Target: ₹1,220

CMP: ₹1,033.45

Varun Beverages has posted nearly 19 per cent revenue CAGR in CY12-21, led by revenue CAGR of 18 per cent in India and 23 per cent in international geographies.

The robust global growth was driven by strong ramp-up in three-country Africa operations and a sustained growth in Nepal. In our view, Africa is a large soft-drinks market (Emkay Est: over $25 billion industry size as of CY19) and its attractive macro growth + demographics offer a low-teen revenue CAGR opportunity over the medium-to-long term.

We estimate that PepsiCo currently addresses 40-45 per cent of the Africa market (value terms) via presence in 13 countries vs. about 100 per cent for The Coca-Cola Company (TCCC) via presence in over 50 countries.

Hence, potential distribution expansion by PepsiCo should help it to grow faster than the industry.

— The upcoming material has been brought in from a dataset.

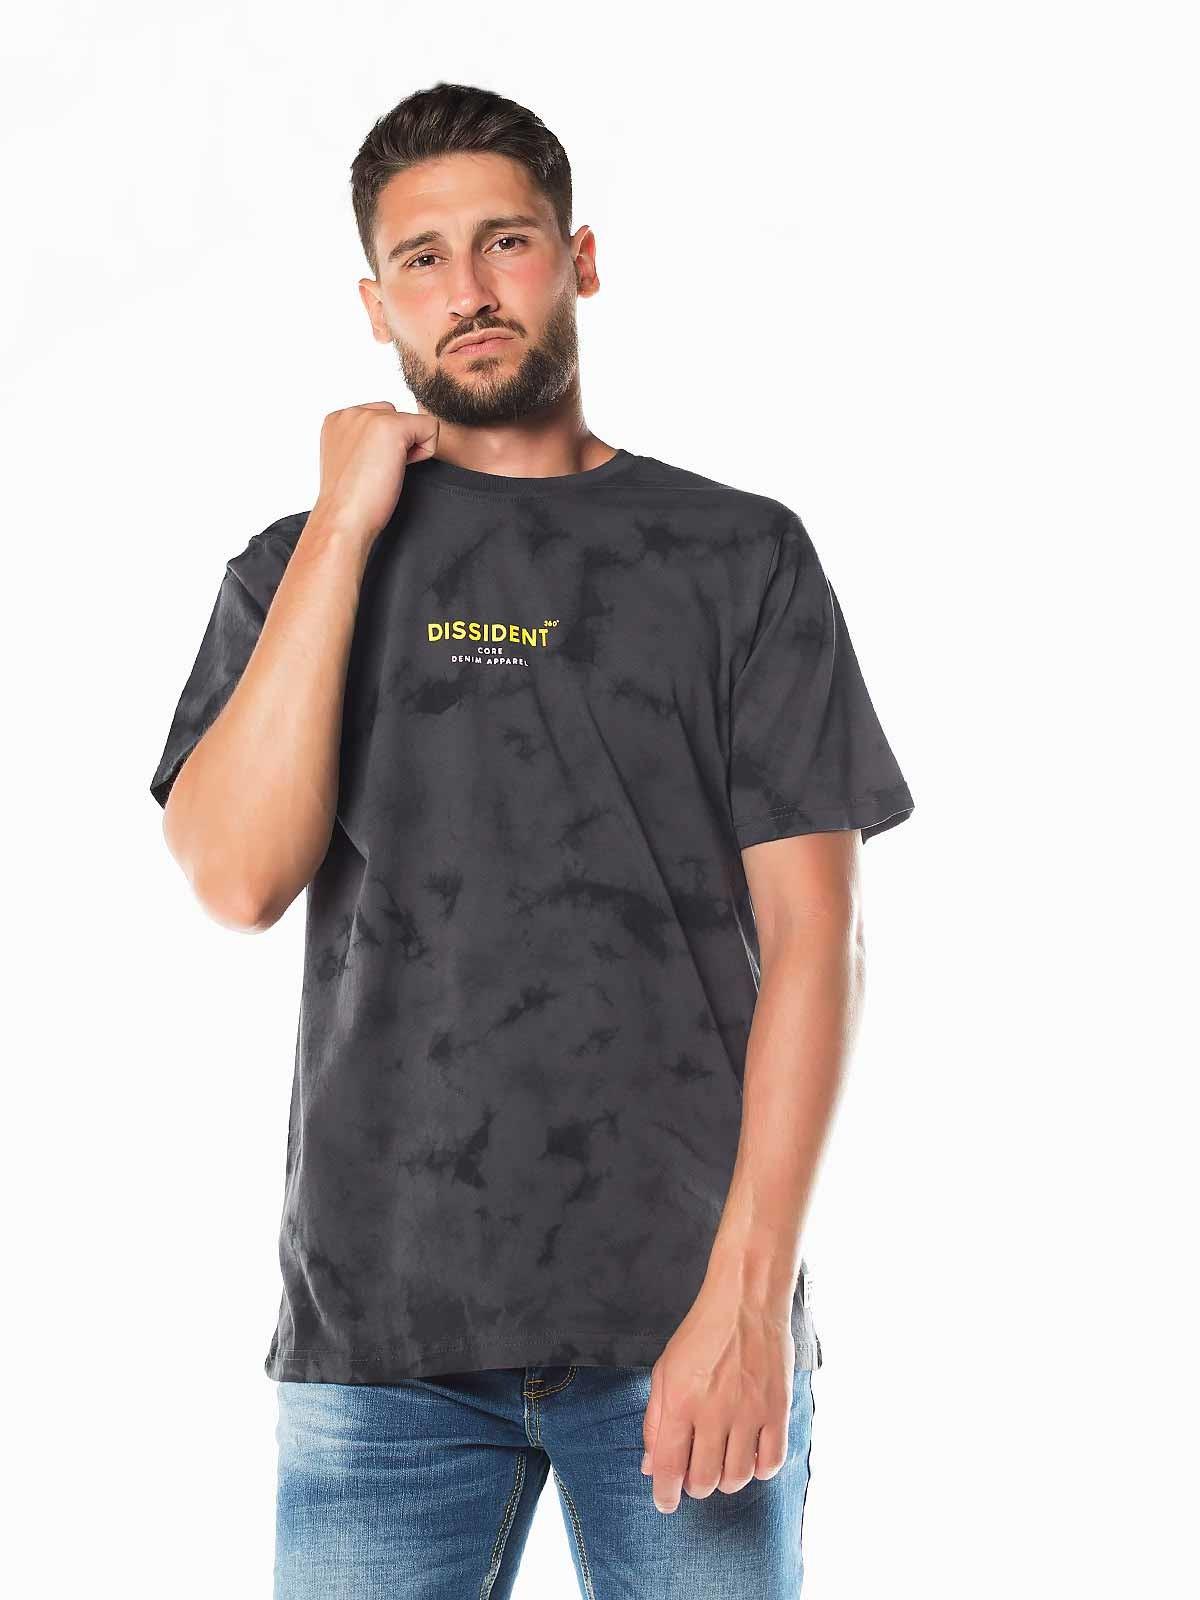 Camiseta manga corta Dissident

Moreover, VBL's proven execution capability in Zimbabwe/Nepal (nearly 50 per cent of market share now vs. marginal share at the time of acquisition of distribution rights) and PepsiCo's focus on growing franchise-owned bottling operations should help VBL to foray into more markets in Africa. Its procuring distribution rights in the Democratic Republic of Congo (DRC) recently is a testament to this.

We maintain Buy with revised TP of ₹1,220 (vs. ₹1,060 earlier).